Extraskeletal myxoid chondrosarcoma (EMC) is an extremely rare subtype of sarcoma characterized by NR4A3 gene rearrangement. Despite being considered slowly progressive sarcomas, EMCs tend to have local recurrences and distant metastases in the late stages. This study aimed to investigate the prognostic factors of EMCs, especially the effect of (neo)adjuvant radiotherapy or chemotherapy on localized EMCs and chemotherapy on advanced-stage EMCs.

METHODS

We retrospectively analyzed 171 patients pathologically diagnosed with EMCs between 2002 and 2022 using the Japanese National Bone and Soft Tissue Tumor Registry Database.

RESULTS

Disease-specific survival was significantly shorter in the group with distant metastasis at presentation (n = 29) than in the group without (n = 142) (5-year disease-specific survival, 75.8% [95% CI: 54.7-89.1] vs. 91.3% [95% CI: 83.0-95.8]; p = 0.012).
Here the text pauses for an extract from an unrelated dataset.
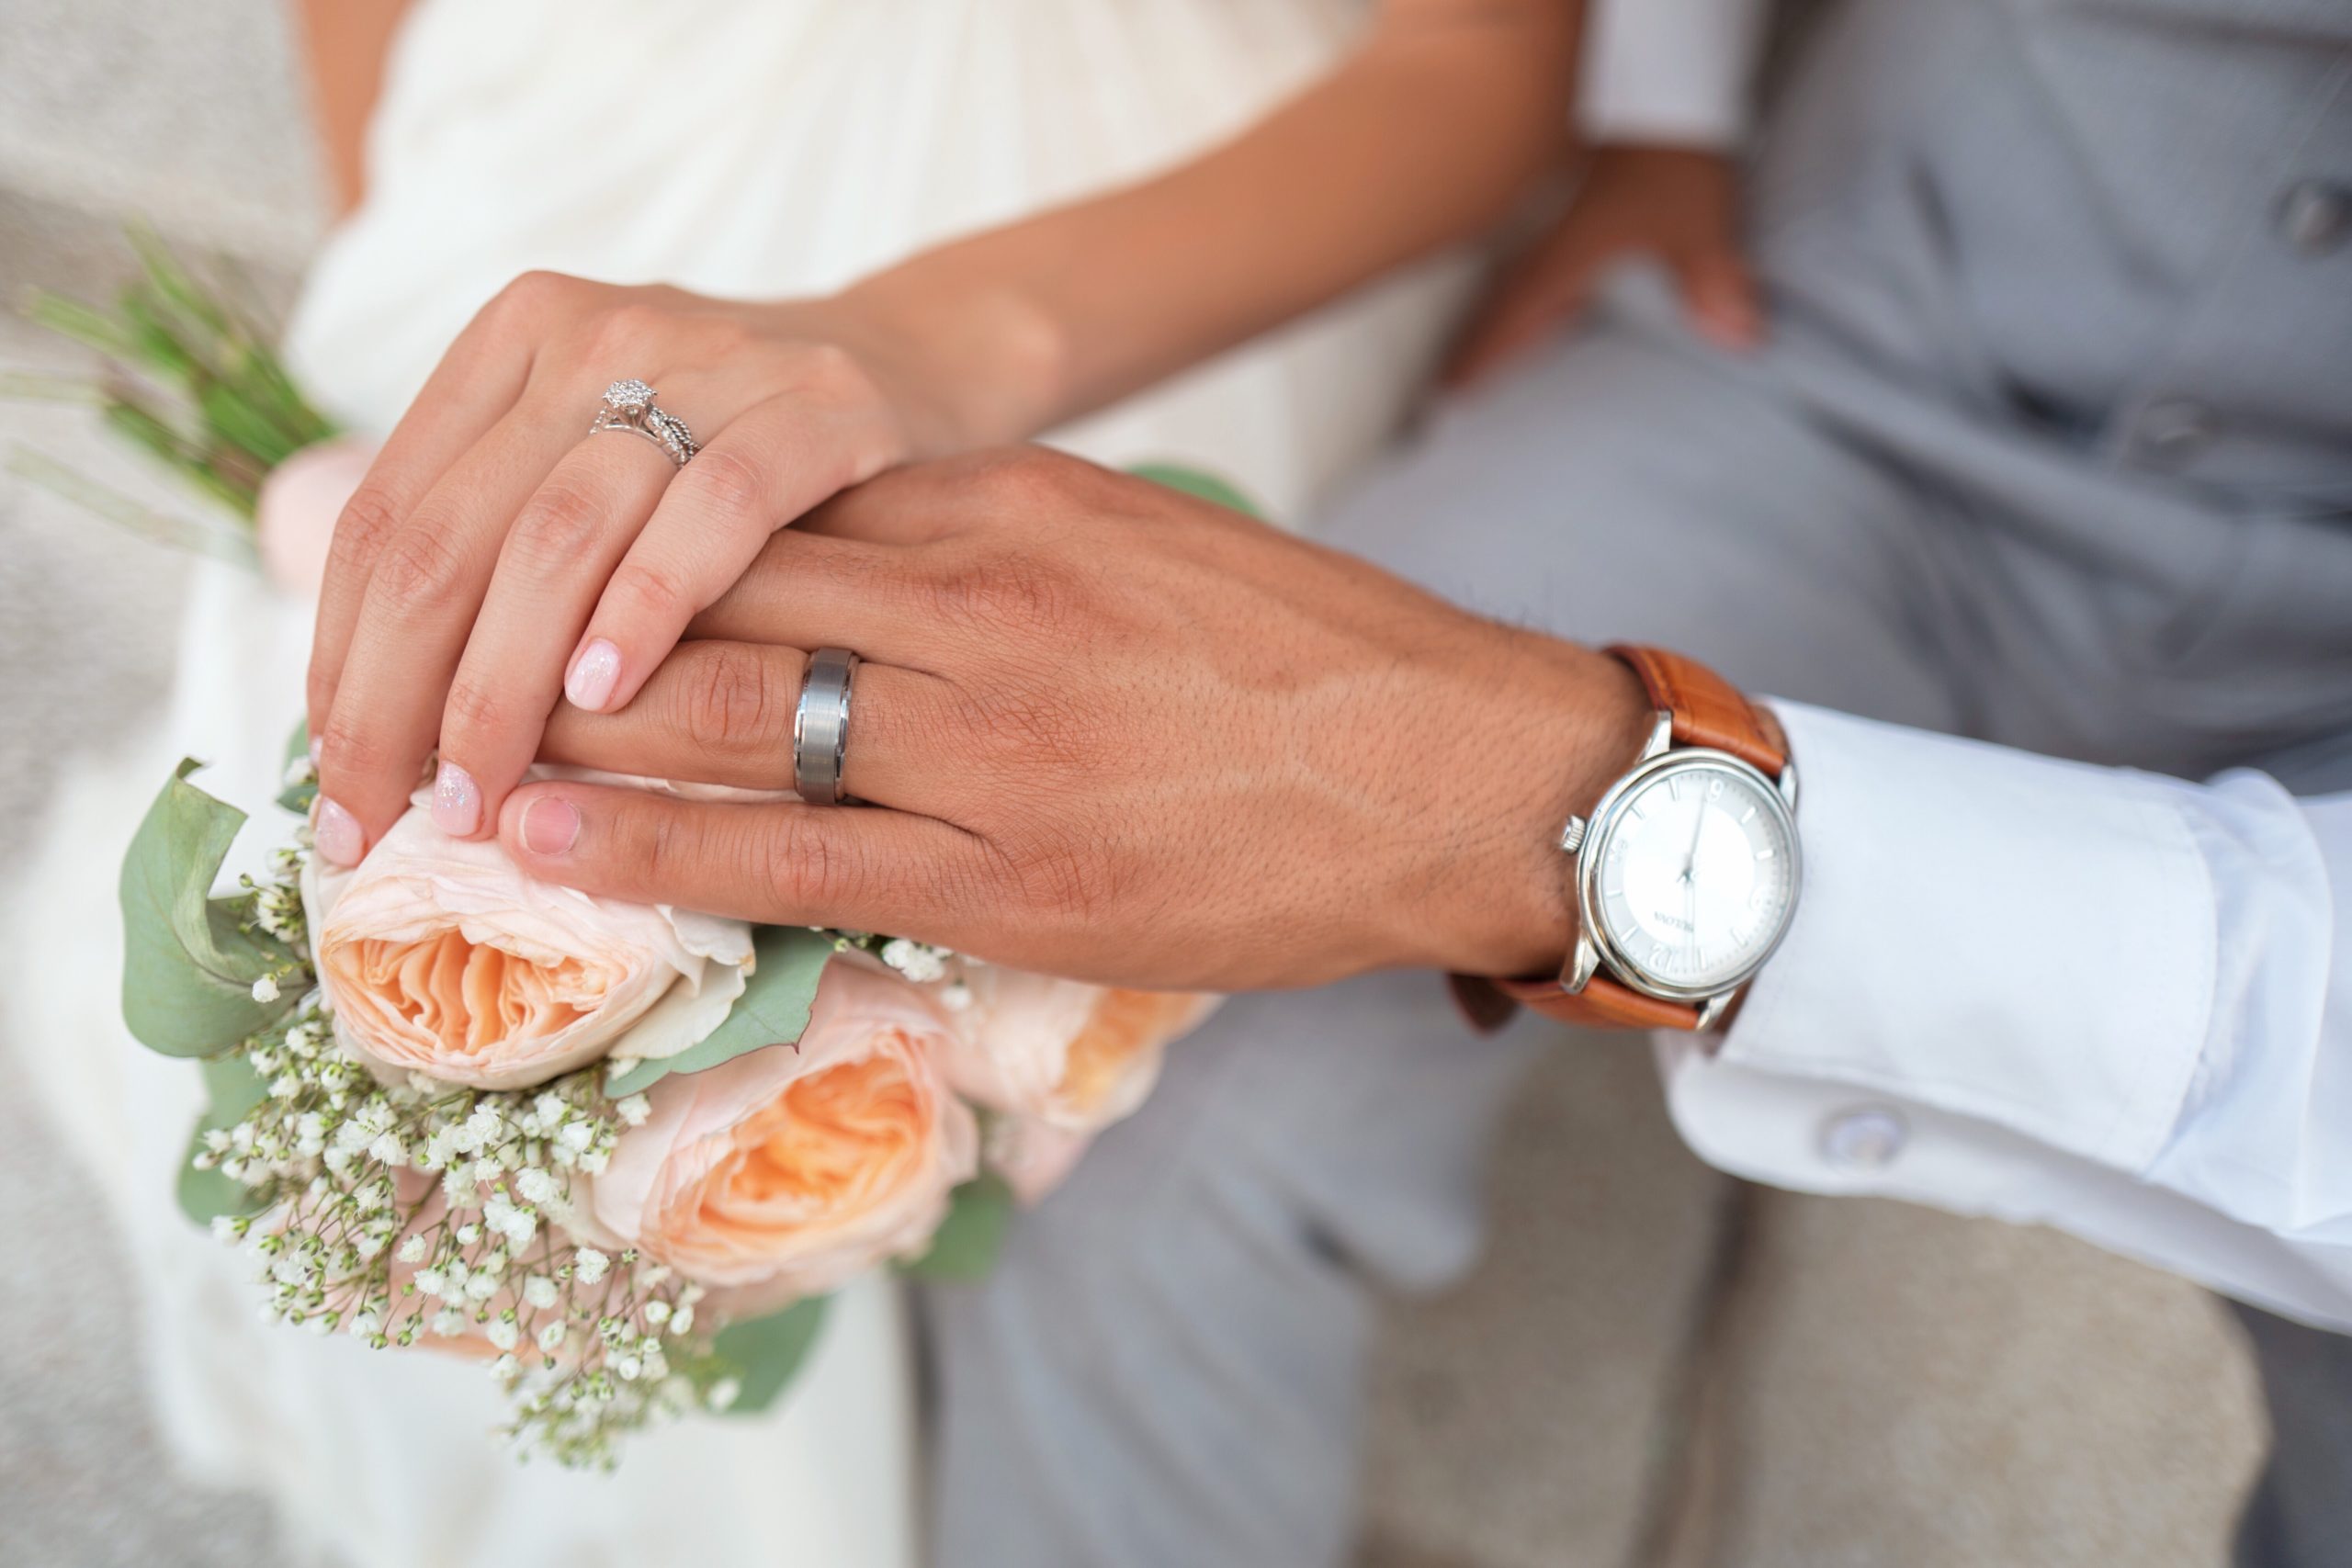 寿退社後の再就職が難しい理由を考えずに結婚した夫婦の手
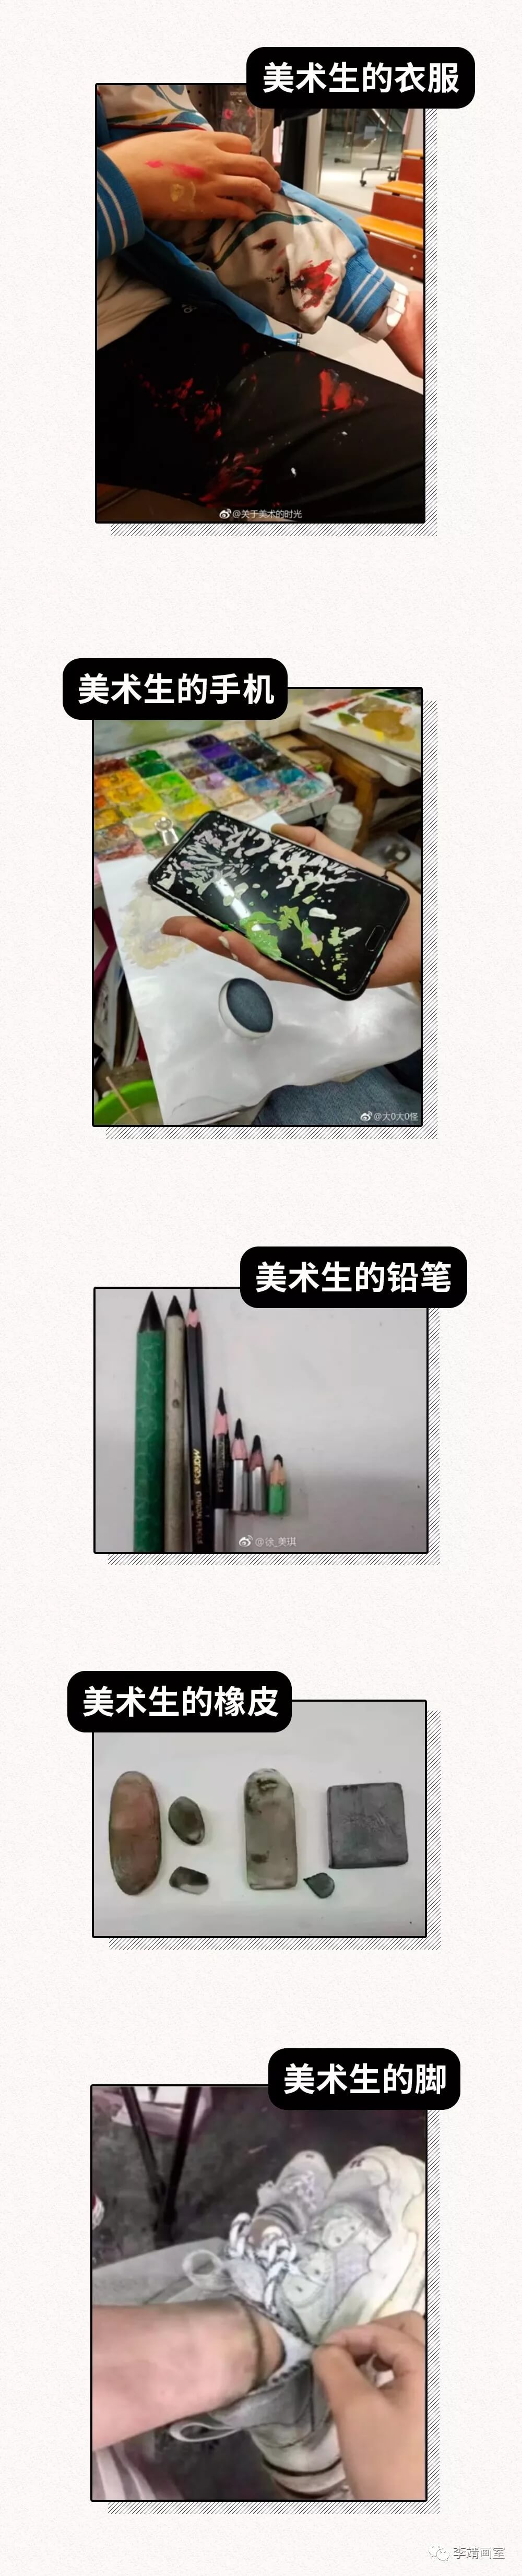 北京美术高考,北京画室,北京李靖画室,泪目，做一个美术生真的太惨啦！！07

Multivariate analysis showed that an R1 or R2 surgical margin was a risk factor for unfavorable local recurrence (hazard ratio [HR] 4.76 [95% CI: 1.72-13.15]; p = 0.003). No association was found between (neo)adjuvant radiotherapy and local recurrence rates. With respect to disease-specific survival, the tumor site of the trunk (HR 6.28 [95% CI: 1.30-30.49]; p = 0.023) and larger size (HR 1.18 [95% CI: 1.06-1.33]; p = 0.004) were risk factors for unfavorable disease-specific survival. No association was found between (neo)adjuvant, or advanced-stage chemotherapy and disease-specific survival rates.

CONCLUSIONS

Patients with distant metastases at presentation had significantly shorter survival rates than those without. Wide resection is mandatory to reduce the risk of local recurrence of localized EMCs, and the local control effect of (neo)adjuvant radiotherapy is limited. Chemotherapy has a limited effect on improving survival.